VERS UNE CULTURE POLITIQUE RESPONSABLE ET SOUVERAINE
Face à ce constat, il est urgent de repenser la manière dont la classe politique congolaise aborde la gestion des crises et des divergences politiques. Plusieurs axes d’action sont indispensables :
1. Restaurer la primauté des institutions
Le dialogue politique doit être ancré dans le cadre républicain. Les solutions doivent être trouvées au sein du Parlement, du gouvernement et des autres institutions légitimes, et non dans des conférences organisées à l’extérieur.
2. Développer une élite politique responsable
Nos politiques doivent comprendre qu’un leadership véritable repose sur la capacité à fédérer et à résoudre les tensions en interne, sans avoir recours à des tuteurs étrangers.

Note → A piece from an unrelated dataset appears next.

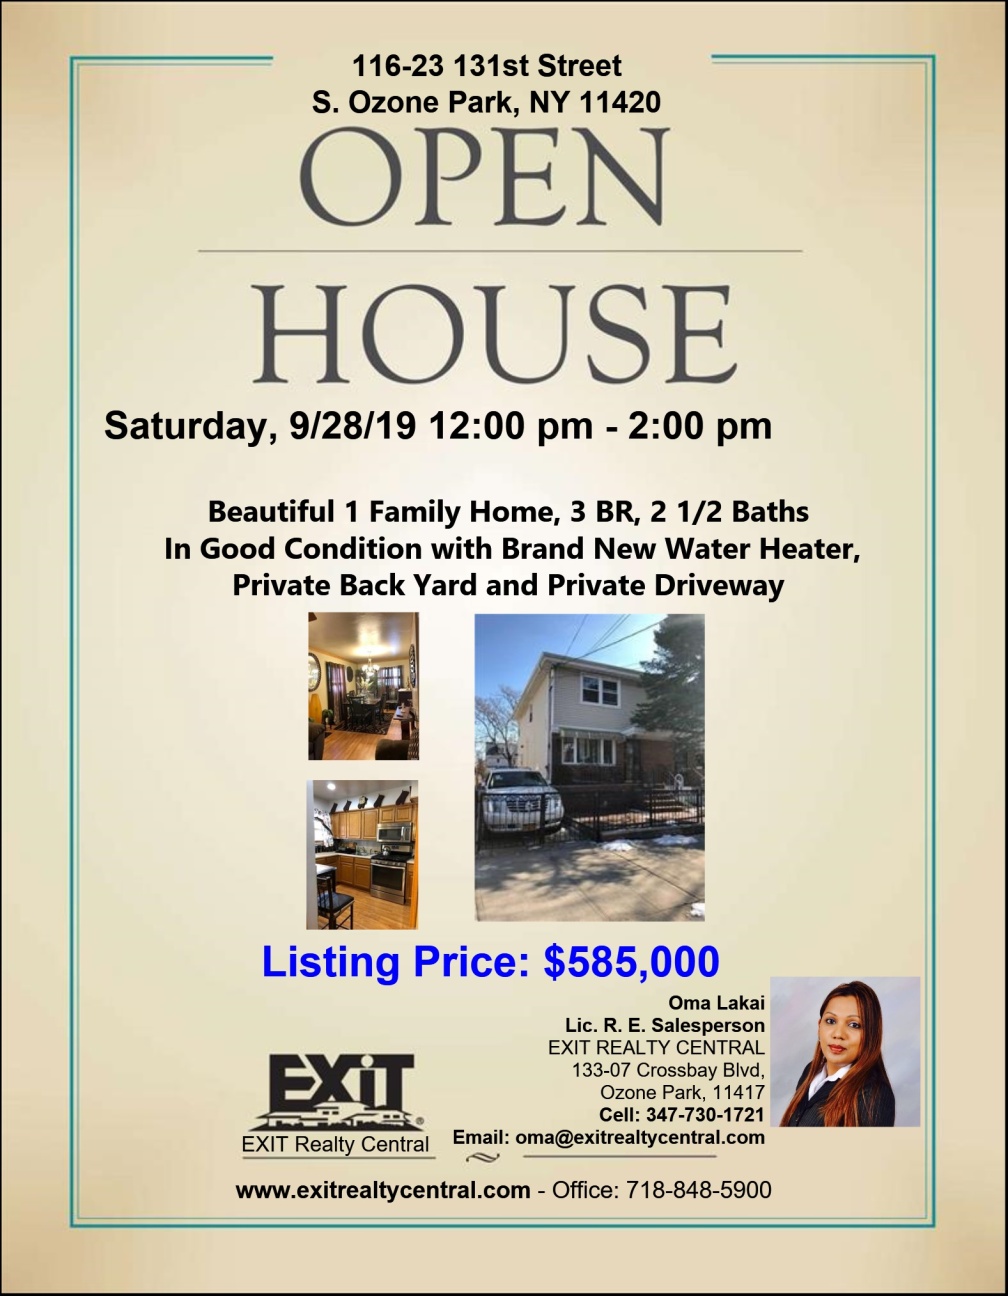 Open House in S. Ozone Park 9/28 12-2pm

3. Éduquer la population à la souveraineté nationale
La société civile et les citoyens doivent être sensibilisés à l’importance de défendre une souveraineté pleine et entière. La pression populaire doit aller dans le sens du respect des institutions, et non dans la quête d’un arbitrage extérieur.
CONCLUSION : POUR UNE RDC MAÎTRESSE DE SON DESTIN.
La RDC ne pourra jamais atteindre son plein potentiel tant que ses élites politiques continueront à considérer les solutions venues de l’étranger comme plus légitimes que celles construites à l’interne. Rejeter la main tendue du Chef de l’État pour un dialogue institutionnel, tout en recherchant des négociations sous l’égide d’acteurs étrangers, est une posture incohérente et dangereuse pour l’avenir de notre pays.
Il est temps de rompre avec cette dépendance structurelle et d’assumer pleinement notre responsabilité en tant que nation souveraine. Un pays qui ne règle pas ses crises par lui-même est un pays condamné à demeurer un éternel mineur sur l’échiquier international.